Directions for this task – Looking at the listing below, retype exactly the lines starting at the one containing "移行特にスモッグ[1+1] It's skin" and ending at the one containing "Hermosas fotografías de", both included, and nothing else.

Exercise material –
*** Begin section ***

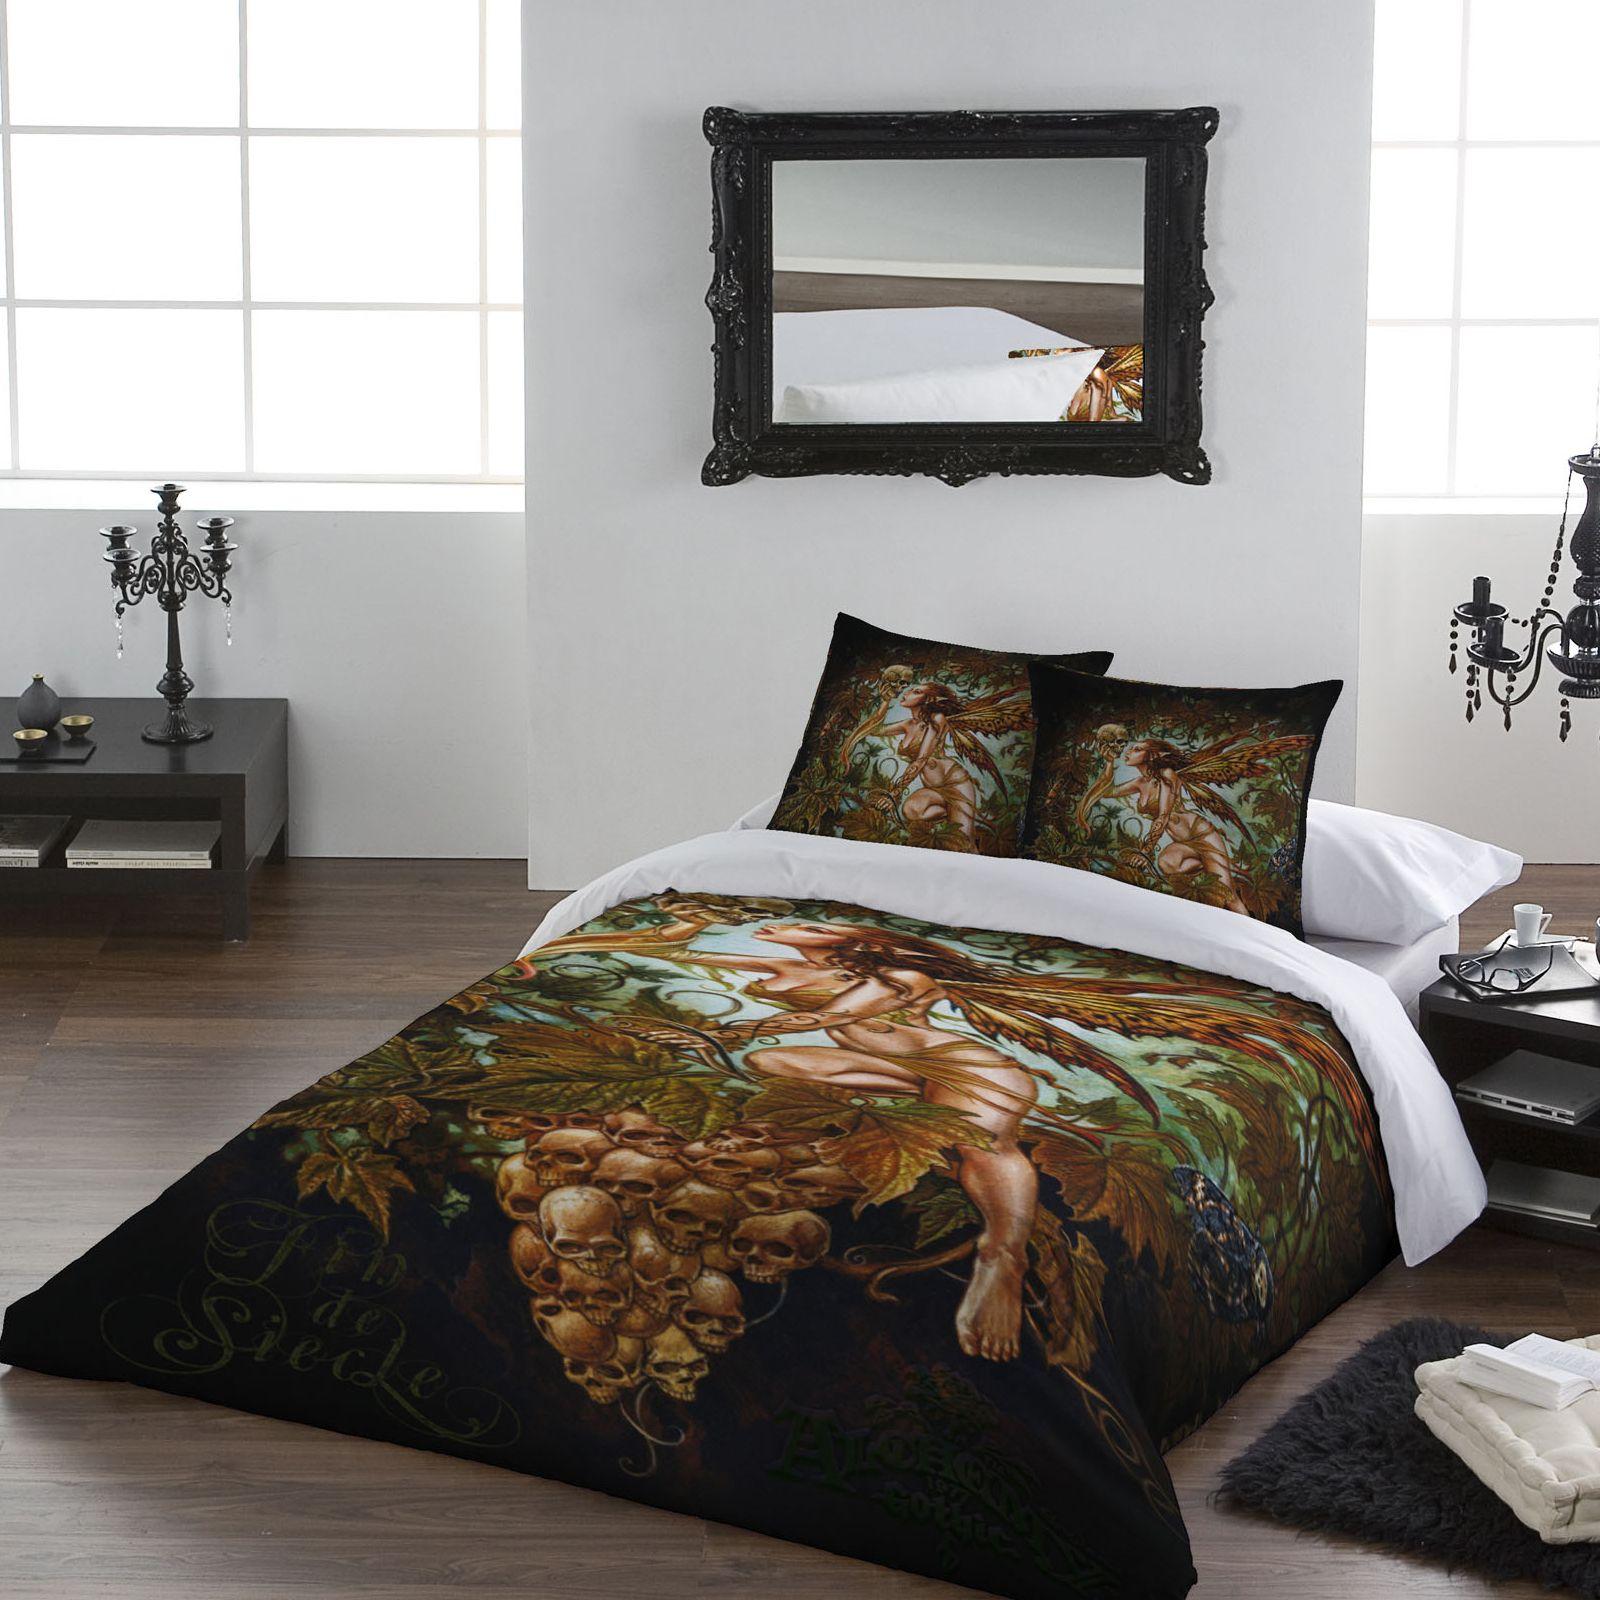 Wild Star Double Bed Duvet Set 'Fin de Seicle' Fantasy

*** End section ***
*** Begin section ***

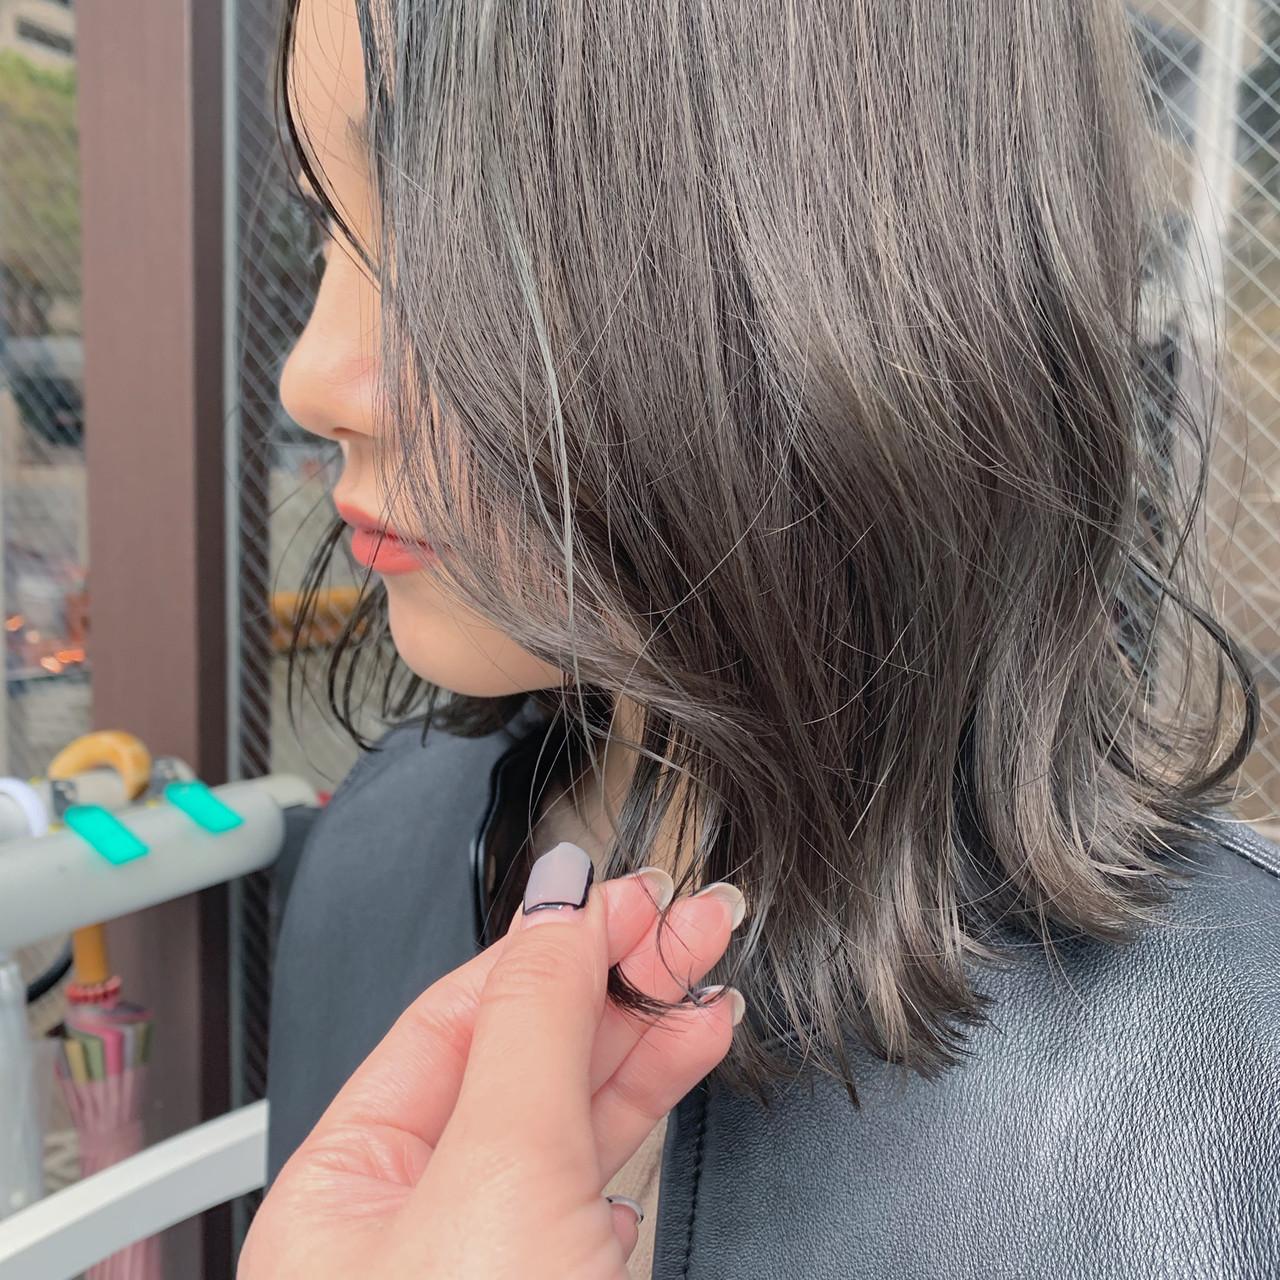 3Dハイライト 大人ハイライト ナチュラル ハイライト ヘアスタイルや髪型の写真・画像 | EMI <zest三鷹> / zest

*** End section ***
*** Begin section ***

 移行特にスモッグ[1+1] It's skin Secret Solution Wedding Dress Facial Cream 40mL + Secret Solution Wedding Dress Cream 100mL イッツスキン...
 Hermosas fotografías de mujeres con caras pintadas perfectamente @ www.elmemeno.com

*** End section ***

The completed task –
 移行特にスモッグ[1+1] It's skin Secret Solution Wedding Dress Facial Cream 40mL + Secret Solution Wedding Dress Cream 100mL イッツスキン...
 Hermosas fotografías de mujeres con caras pintadas perfectamente @ www.elmemeno.com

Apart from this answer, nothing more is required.